Daily Whipout: "Billy's Last Gasp"

This is the original pen and ink drawing, framed but dusty and the price on the back is $300 but I wouldn't sell this for $30,000. It's one of the best illustrations of Billy I have ever done, and, as you know, I've done plenty. It breaths, it's him and it's authentic to the evidence. I can't believe no one bought this when it showed at Suzanne Brown's Gallery in Scottsdale in 1992. Anyway, this was worth the cleaning right here.

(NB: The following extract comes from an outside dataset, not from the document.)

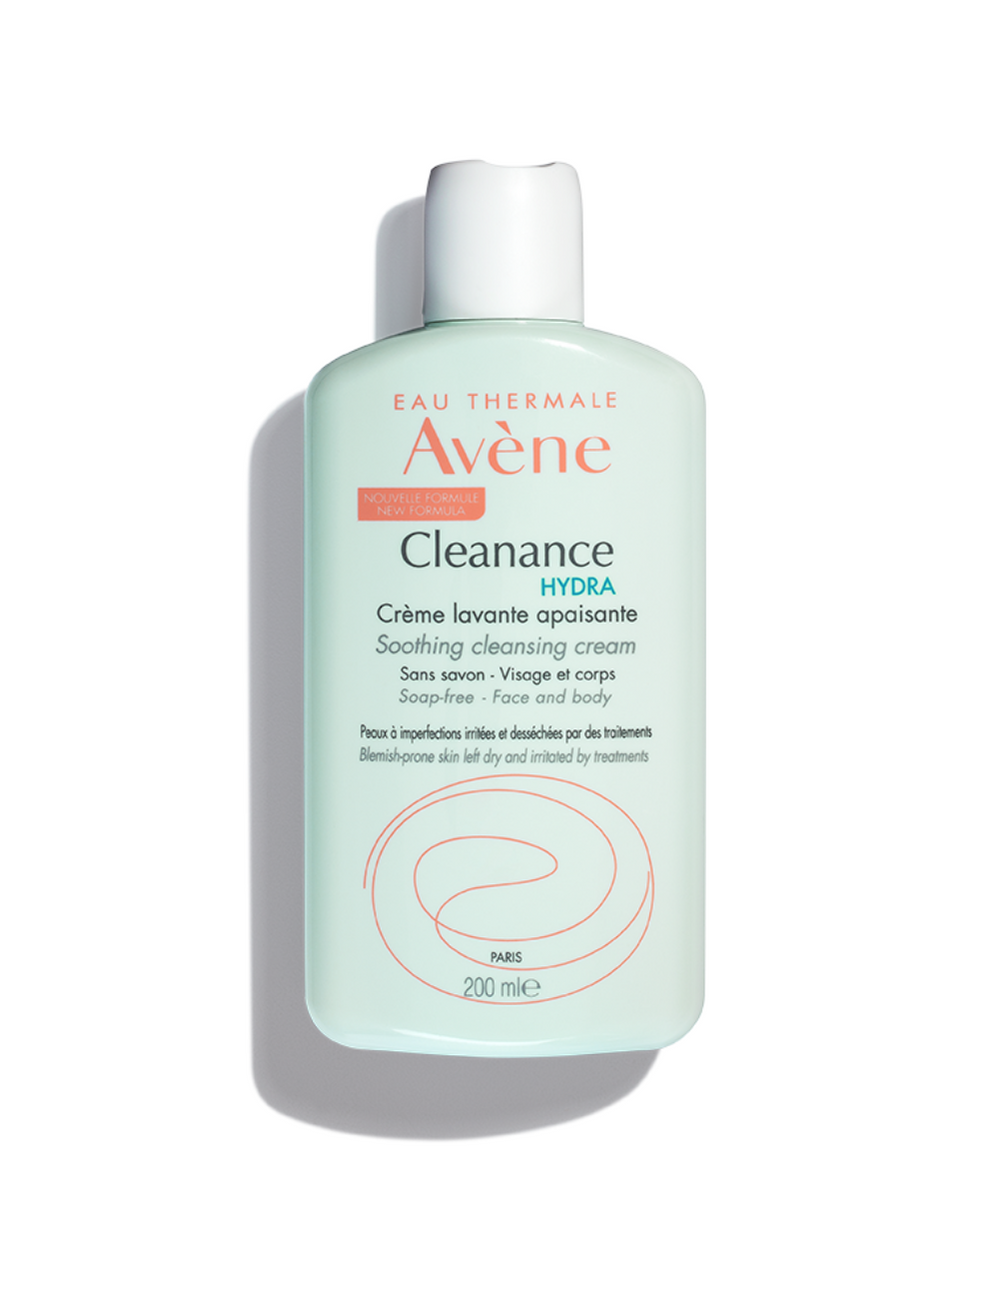 Cleanance Hydra Cleansing Cream

I keep unearthing tons of postcards in various boxes. Here is just a small sample of the hundreds of postcards I have found so far, in my garage:

Postcard City From The Triple B Garage

Yes, that's a postcard for the play "True West" at bottom, left, the stage play by Sam Shepard. The funniest card is the Brokeback Mountain, upper left, second card down. On the back is a note from PH that says, "Sure looking forward to seeing you in a couple weeks! Yee Haw!" Of course PH is the Top Secret Writer, also known as Paul Andrew Hutton. The postcard, just above the Brokeback card, is the card for Dreamscape Desperado, the very successful museum show on Billy the Kid that Paul Hutton curated way back in 2007.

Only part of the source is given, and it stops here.